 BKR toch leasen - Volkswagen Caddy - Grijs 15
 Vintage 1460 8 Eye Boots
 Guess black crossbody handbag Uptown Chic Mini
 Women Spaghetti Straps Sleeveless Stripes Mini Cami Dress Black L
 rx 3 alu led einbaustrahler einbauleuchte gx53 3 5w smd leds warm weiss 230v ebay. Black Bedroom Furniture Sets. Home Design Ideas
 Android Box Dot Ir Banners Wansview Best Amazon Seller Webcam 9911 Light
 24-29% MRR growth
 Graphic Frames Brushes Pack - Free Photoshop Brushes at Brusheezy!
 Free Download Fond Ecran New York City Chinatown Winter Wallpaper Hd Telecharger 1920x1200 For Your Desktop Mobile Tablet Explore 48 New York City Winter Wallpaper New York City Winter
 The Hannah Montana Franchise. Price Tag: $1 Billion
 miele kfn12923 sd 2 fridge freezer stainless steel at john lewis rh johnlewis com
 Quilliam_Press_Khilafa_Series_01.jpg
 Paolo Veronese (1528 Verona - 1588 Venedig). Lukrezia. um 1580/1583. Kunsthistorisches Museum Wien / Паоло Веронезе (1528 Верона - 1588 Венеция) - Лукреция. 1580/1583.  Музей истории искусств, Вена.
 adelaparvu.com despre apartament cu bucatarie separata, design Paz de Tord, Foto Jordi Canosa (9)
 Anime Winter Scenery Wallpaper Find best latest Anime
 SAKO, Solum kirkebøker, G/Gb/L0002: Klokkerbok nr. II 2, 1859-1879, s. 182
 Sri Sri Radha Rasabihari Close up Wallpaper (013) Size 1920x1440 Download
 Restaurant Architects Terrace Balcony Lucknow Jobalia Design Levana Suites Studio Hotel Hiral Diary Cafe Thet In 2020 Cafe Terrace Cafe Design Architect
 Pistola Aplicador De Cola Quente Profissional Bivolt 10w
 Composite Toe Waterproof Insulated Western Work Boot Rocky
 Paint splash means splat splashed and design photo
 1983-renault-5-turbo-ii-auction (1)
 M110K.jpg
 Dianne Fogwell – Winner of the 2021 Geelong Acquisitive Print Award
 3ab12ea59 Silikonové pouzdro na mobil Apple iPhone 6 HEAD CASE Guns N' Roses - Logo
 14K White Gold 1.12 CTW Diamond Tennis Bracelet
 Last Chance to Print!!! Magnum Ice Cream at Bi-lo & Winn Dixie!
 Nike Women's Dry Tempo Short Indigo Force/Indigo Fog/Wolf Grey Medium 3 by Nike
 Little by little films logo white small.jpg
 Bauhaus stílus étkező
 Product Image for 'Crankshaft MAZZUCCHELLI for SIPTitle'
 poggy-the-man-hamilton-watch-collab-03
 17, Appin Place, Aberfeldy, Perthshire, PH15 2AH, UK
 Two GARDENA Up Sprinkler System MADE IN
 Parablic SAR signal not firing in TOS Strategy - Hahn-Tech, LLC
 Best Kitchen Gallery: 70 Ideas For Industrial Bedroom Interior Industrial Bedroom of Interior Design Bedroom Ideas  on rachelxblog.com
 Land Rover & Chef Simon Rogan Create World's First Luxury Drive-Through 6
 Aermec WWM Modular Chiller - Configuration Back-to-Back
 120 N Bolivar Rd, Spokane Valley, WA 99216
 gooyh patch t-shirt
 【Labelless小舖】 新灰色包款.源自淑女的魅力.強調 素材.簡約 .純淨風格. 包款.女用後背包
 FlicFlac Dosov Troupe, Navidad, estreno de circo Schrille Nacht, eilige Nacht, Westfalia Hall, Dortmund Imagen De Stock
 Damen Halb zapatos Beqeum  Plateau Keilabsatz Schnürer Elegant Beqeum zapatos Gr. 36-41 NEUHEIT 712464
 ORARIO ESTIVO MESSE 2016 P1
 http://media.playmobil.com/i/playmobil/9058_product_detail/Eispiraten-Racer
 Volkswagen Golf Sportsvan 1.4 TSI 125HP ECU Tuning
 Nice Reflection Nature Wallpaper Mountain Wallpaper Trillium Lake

^^^^

→ **INSTRUCTIONS TO FOLLOW**:
If a line in the data above contains "Women", return that line.

→ **RESULT**:
 Women Spaghetti Straps Sleeveless Stripes Mini Cami Dress Black L
 Nike Women's Dry Tempo Short Indigo Force/Indigo Fog/Wolf Grey Medium 3 by Nike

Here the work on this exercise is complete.